* [EXERCISE]
Find every line of the records that has "Black" and return it.

* [Dataset items]
• • • • •

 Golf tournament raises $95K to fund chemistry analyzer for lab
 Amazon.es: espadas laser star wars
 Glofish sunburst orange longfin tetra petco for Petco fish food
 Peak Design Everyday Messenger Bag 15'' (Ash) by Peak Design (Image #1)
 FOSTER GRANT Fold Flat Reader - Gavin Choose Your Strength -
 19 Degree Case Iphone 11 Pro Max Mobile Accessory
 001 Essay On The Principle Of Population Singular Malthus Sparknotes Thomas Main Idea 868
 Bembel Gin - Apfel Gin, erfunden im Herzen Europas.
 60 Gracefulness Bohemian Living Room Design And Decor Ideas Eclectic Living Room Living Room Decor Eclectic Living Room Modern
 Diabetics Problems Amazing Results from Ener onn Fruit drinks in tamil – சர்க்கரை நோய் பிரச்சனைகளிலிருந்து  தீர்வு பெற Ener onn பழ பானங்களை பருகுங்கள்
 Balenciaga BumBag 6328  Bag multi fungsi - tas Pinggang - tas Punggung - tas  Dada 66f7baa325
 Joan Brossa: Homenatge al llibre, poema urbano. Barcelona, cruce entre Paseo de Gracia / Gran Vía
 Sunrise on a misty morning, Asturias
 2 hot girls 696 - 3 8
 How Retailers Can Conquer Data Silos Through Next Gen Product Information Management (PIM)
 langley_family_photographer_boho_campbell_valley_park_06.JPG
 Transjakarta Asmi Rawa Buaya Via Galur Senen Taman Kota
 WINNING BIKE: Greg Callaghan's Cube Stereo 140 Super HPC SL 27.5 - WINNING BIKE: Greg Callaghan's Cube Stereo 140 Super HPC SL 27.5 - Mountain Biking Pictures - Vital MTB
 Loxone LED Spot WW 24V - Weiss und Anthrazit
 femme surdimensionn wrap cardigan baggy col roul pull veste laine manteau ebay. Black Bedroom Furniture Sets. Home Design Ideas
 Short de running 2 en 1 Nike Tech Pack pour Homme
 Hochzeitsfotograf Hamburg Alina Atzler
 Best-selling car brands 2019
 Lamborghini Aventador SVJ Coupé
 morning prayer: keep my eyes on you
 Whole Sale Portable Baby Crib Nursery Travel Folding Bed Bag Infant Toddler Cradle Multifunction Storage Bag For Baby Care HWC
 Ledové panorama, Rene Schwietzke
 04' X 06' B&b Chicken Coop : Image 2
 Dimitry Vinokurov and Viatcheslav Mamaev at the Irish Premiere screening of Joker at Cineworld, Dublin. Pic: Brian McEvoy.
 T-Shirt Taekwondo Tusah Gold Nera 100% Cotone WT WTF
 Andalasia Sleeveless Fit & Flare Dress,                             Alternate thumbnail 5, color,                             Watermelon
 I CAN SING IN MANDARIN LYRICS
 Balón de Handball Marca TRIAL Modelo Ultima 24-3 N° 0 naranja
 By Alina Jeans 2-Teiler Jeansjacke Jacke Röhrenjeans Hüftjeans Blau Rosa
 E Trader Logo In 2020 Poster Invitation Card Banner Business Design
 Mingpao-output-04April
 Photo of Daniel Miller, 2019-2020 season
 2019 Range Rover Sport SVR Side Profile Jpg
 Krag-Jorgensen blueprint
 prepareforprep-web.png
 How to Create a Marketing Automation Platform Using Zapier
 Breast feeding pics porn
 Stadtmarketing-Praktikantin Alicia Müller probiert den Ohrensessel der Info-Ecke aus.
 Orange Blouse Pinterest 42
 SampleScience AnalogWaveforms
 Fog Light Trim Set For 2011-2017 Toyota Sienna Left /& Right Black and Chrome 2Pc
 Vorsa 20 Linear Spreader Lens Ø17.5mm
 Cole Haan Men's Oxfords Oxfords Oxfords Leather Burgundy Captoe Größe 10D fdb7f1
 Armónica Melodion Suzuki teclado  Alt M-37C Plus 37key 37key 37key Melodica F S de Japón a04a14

• • • • •

* [SOLUTION BELOW]
 femme surdimensionn wrap cardigan baggy col roul pull veste laine manteau ebay. Black Bedroom Furniture Sets. Home Design Ideas
 Fog Light Trim Set For 2011-2017 Toyota Sienna Left /& Right Black and Chrome 2Pc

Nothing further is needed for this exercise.